Exercise description:
The material below has pictures in it. Set down only the lines from the line containing "09. Lorna HALL marries George WEBSTER 1919" through the line containing "Nahtloses Muster mit", word for word, and leave the pictures behind.

Source material:
* * *

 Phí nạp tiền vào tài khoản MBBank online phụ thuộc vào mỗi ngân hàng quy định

* * *

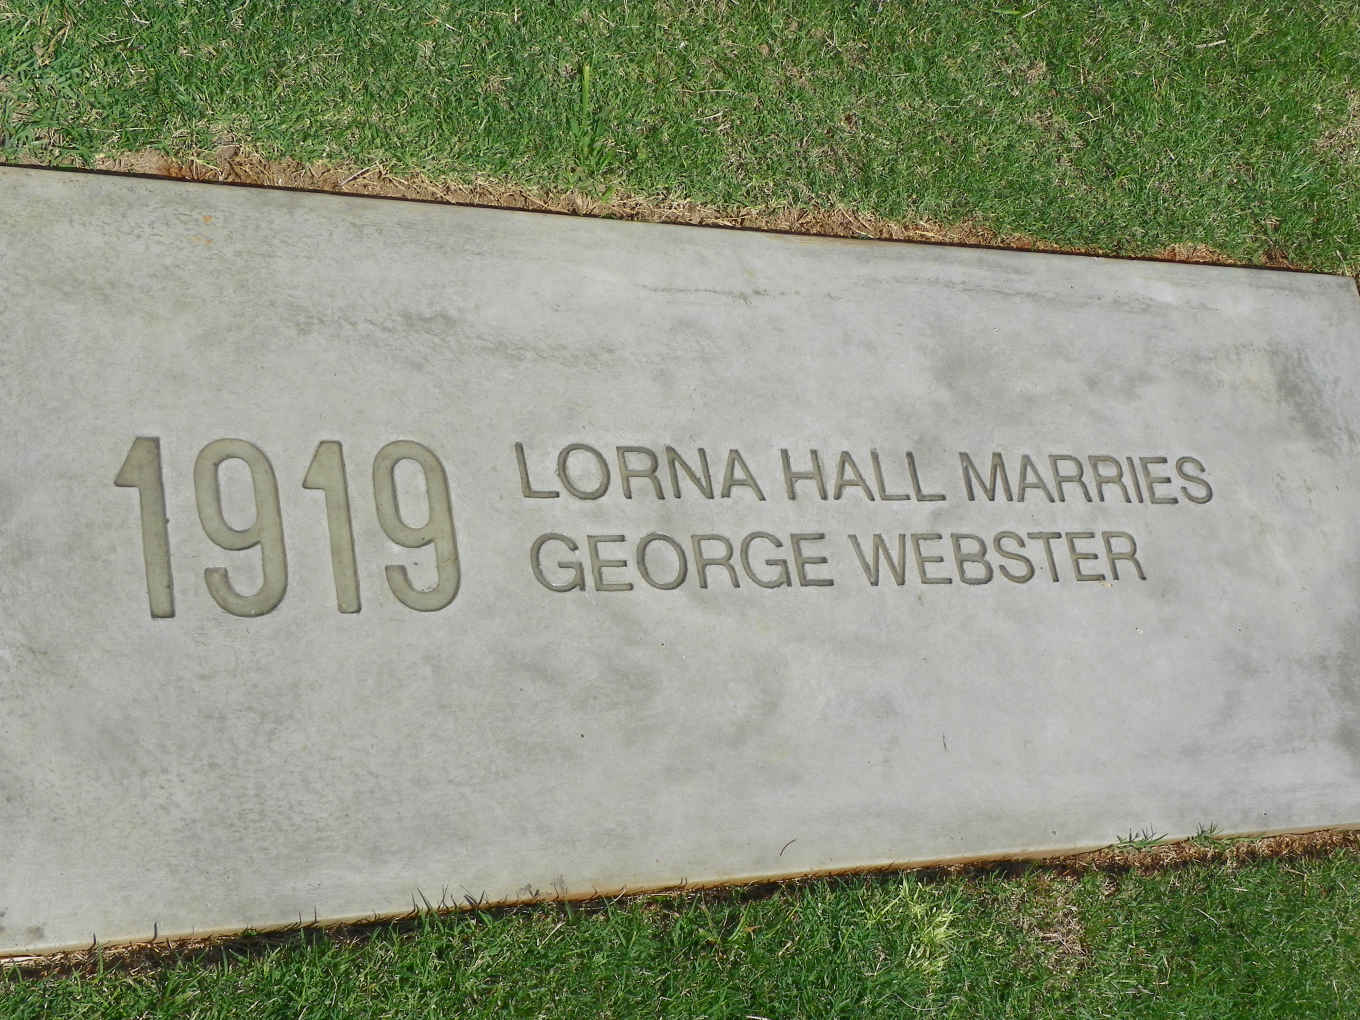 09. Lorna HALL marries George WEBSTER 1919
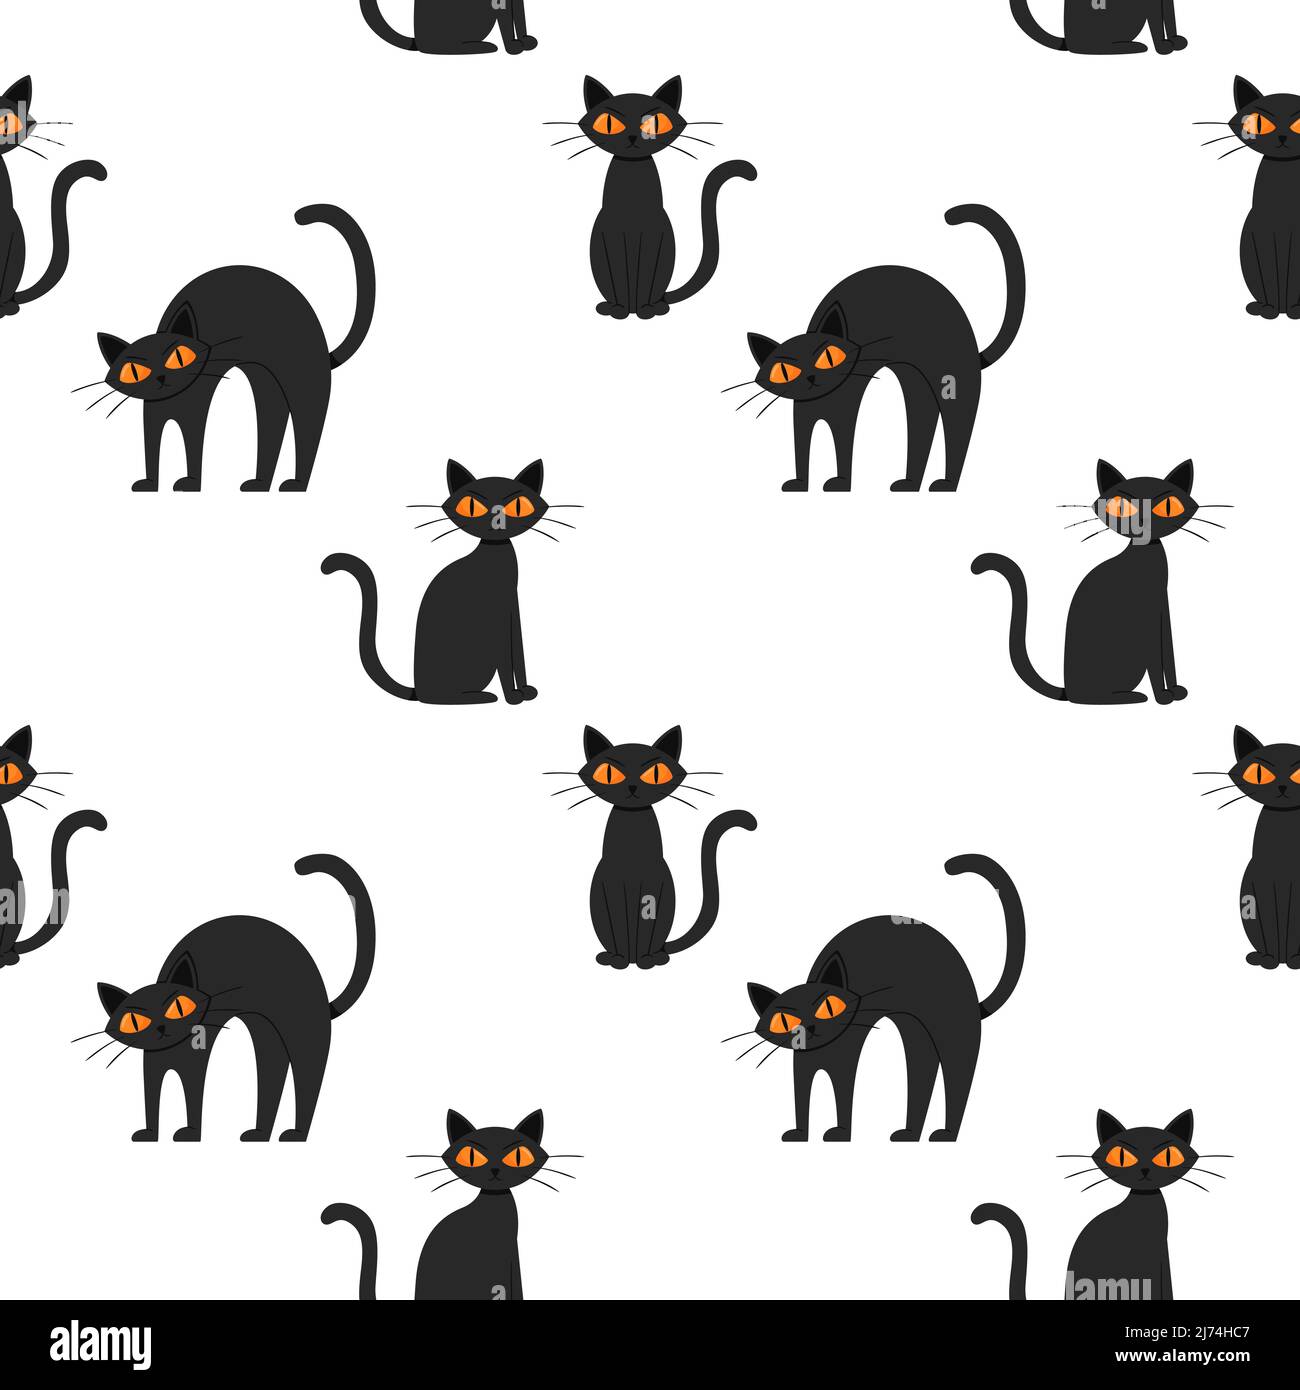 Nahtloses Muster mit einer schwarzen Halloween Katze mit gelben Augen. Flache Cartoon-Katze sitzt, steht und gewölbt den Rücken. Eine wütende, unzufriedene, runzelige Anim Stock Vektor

* * *

Finished exercise:
 09. Lorna HALL marries George WEBSTER 1919
 Nahtloses Muster mit einer schwarzen Halloween Katze mit gelben Augen. Flache Cartoon-Katze sitzt, steht und gewölbt den Rücken. Eine wütende, unzufriedene, runzelige Anim Stock Vektor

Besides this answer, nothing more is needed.